Given $\Delta ABC \sim \Delta PQR$ for the correspondence $ABC \leftrightarrow PQR.$ $\overline{AD}$ is a median in $\Delta ABC$ and $\overline{PM}$ is a median in $\Delta PQR.$ Prove that $\frac{AD}{PM} = \frac{AB}{PQ}.$

(N/A) Given: $\Delta ABC \sim \Delta PQR$ with correspondence $ABC \leftrightarrow PQR.$ $\overline{AD}$ and $\overline{PM}$ are medians of $\Delta ABC$ and $\Delta PQR$ respectively.
To prove: $\frac{AD}{PM} = \frac{AB}{PQ}.$
Proof:
$1$. Since $\Delta ABC \sim \Delta PQR,$ the corresponding sides are proportional and corresponding angles are congruent.

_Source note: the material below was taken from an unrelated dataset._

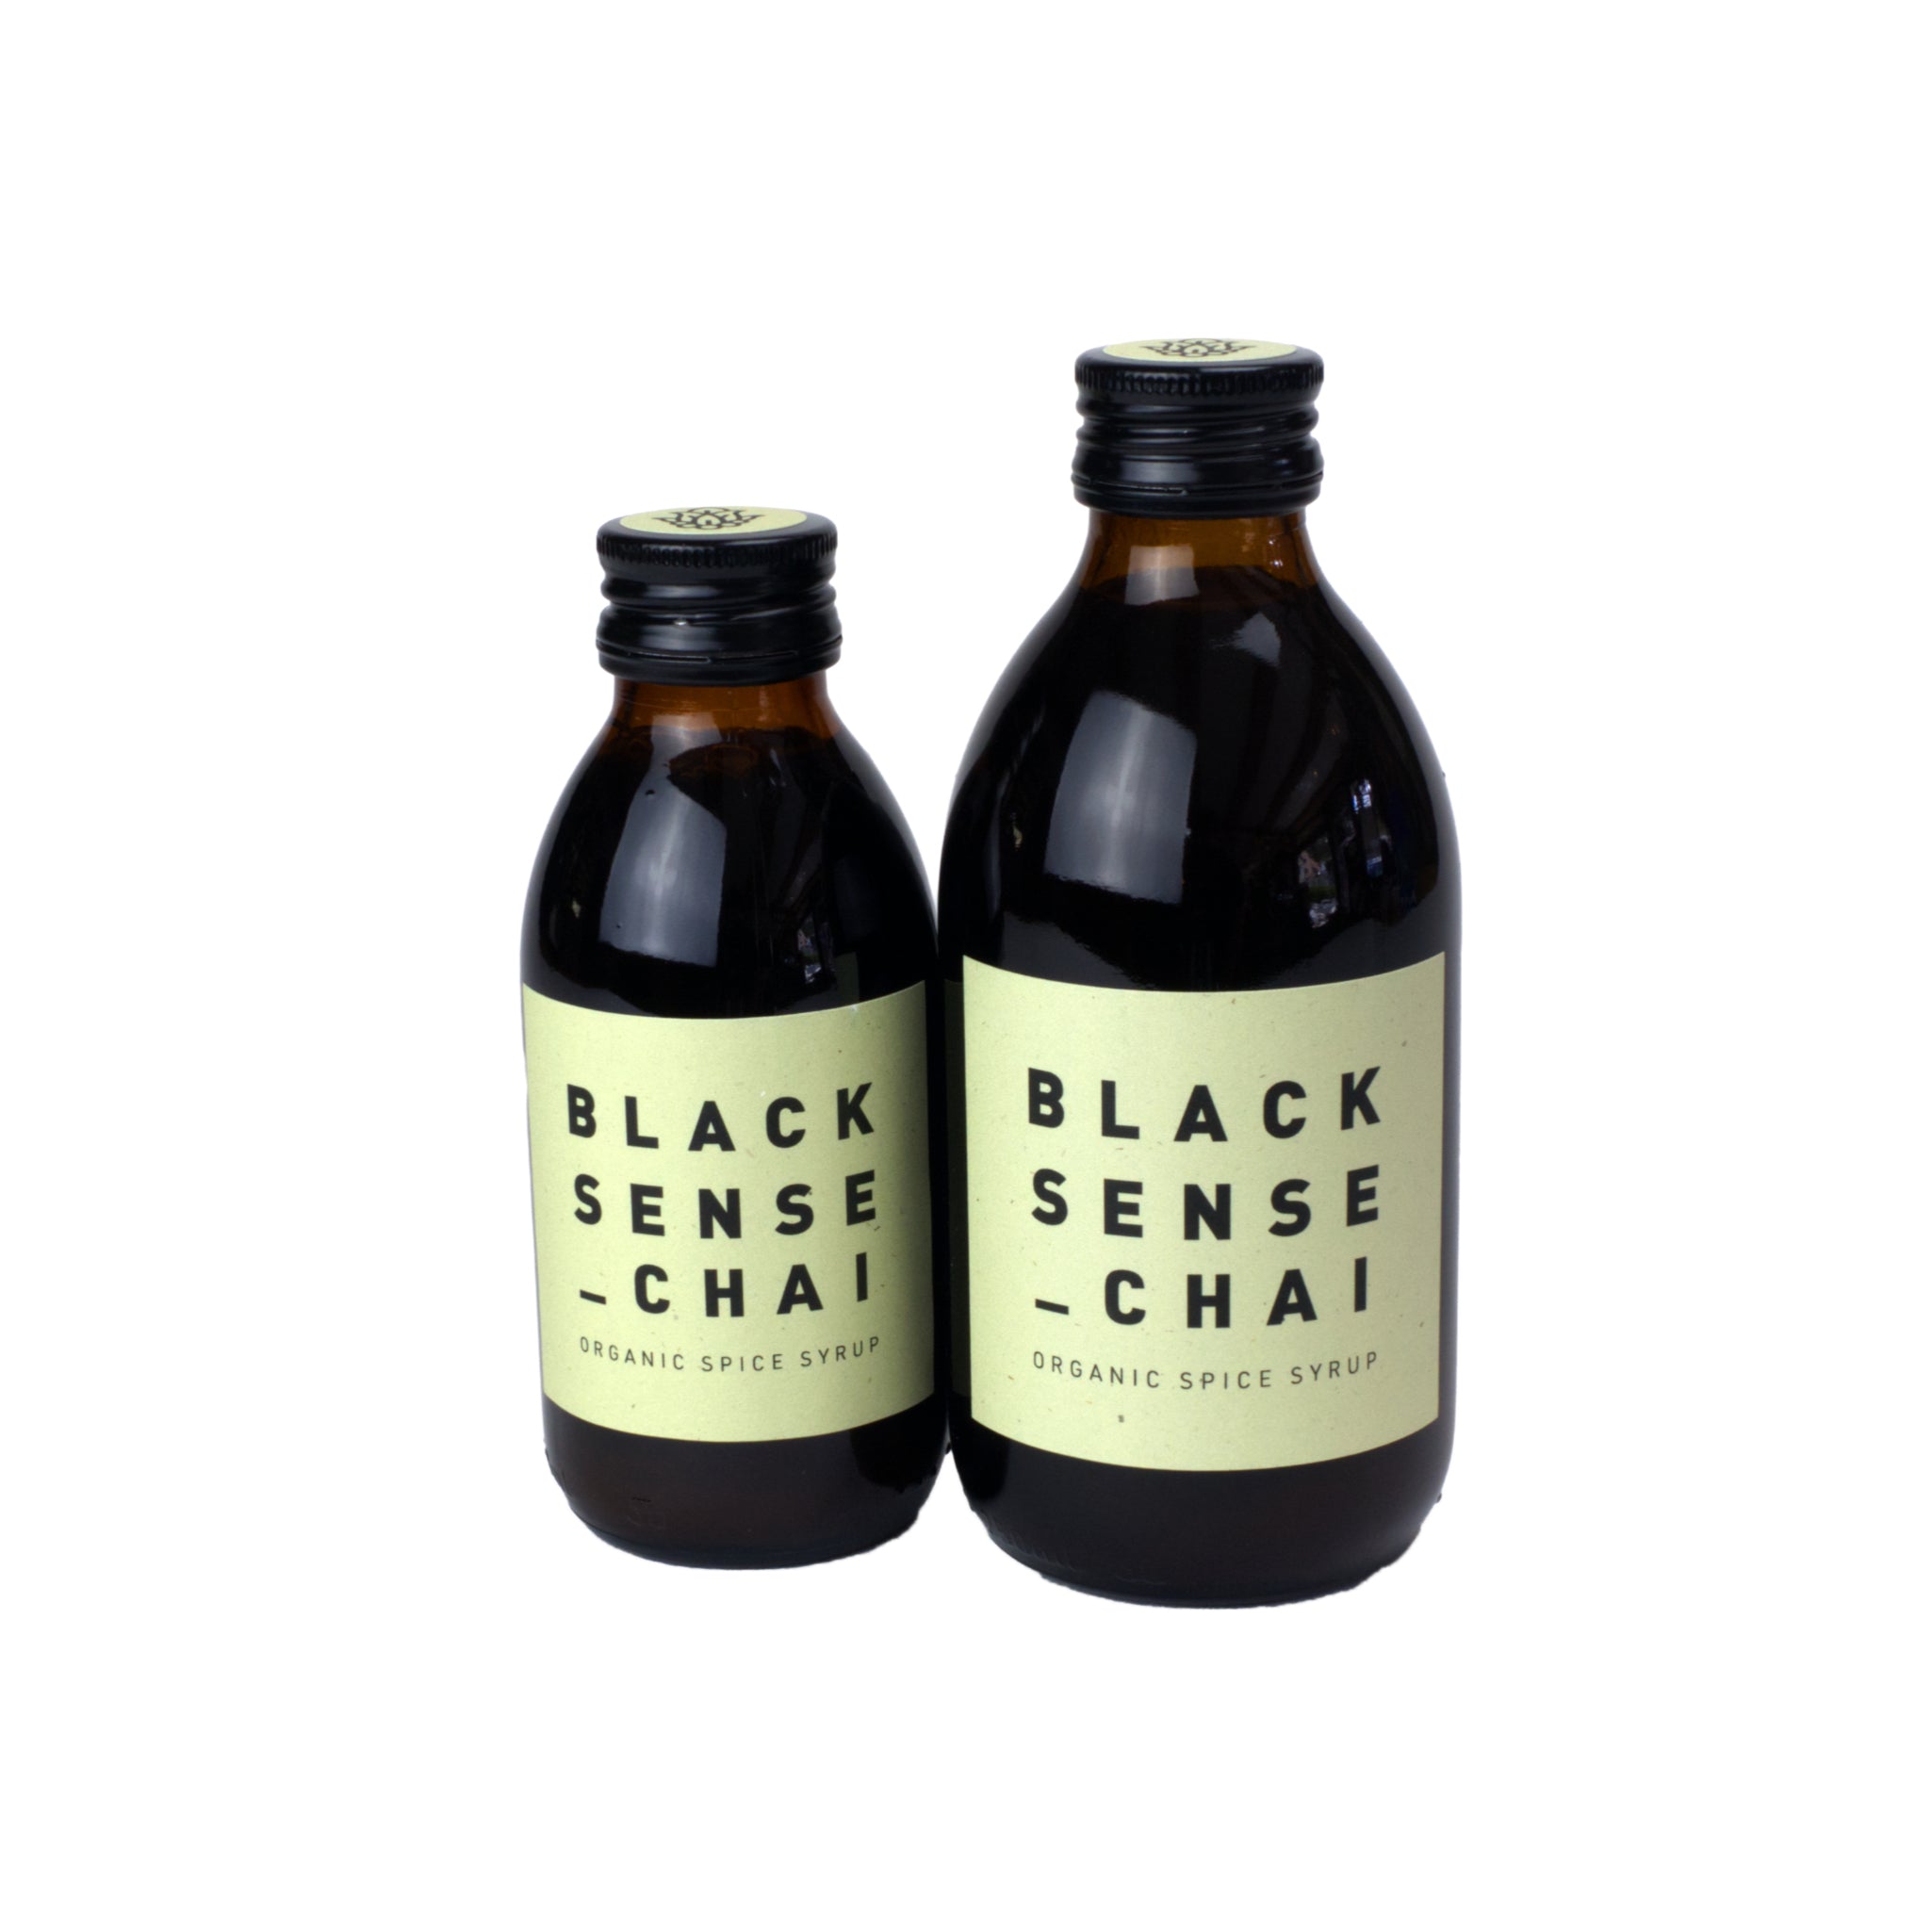 Black Sense Chai Flaschen in 150 ml und 250 ml nebeneinander. Braune Flasche mit hellgelbem Etikett.

$\therefore \frac{AB}{PQ} = \frac{BC}{QR} = \frac{AC}{PR}$ and $\angle B \cong \angle Q \quad \dots (1)$
$2$. Since $\overline{AD}$ and $\overline{PM}$ are medians,$D$ is the midpoint of $BC$ and $M$ is the midpoint of $QR.$
Therefore,$BC = 2BD$ and $QR = 2QM.$
$3$. Substituting these into equation $(1)$:
$\frac{AB}{PQ} = \frac{2BD}{2QM} = \frac{BD}{QM} \quad \dots (2)$
$4$. In $\Delta ABD$ and $\Delta PQM$:
From $(1)$,$\angle B \cong \angle Q.$
From $(2)$,$\frac{AB}{PQ} = \frac{BD}{QM}.$
$5$. By the $SAS$ (Side-Angle-Side) similarity criterion,$\Delta ABD \sim \Delta PQM.$
$6$. Since the triangles are similar,their corresponding sides are proportional:
$\therefore \frac{AD}{PM} = \frac{AB}{PQ}.$ Hence proved.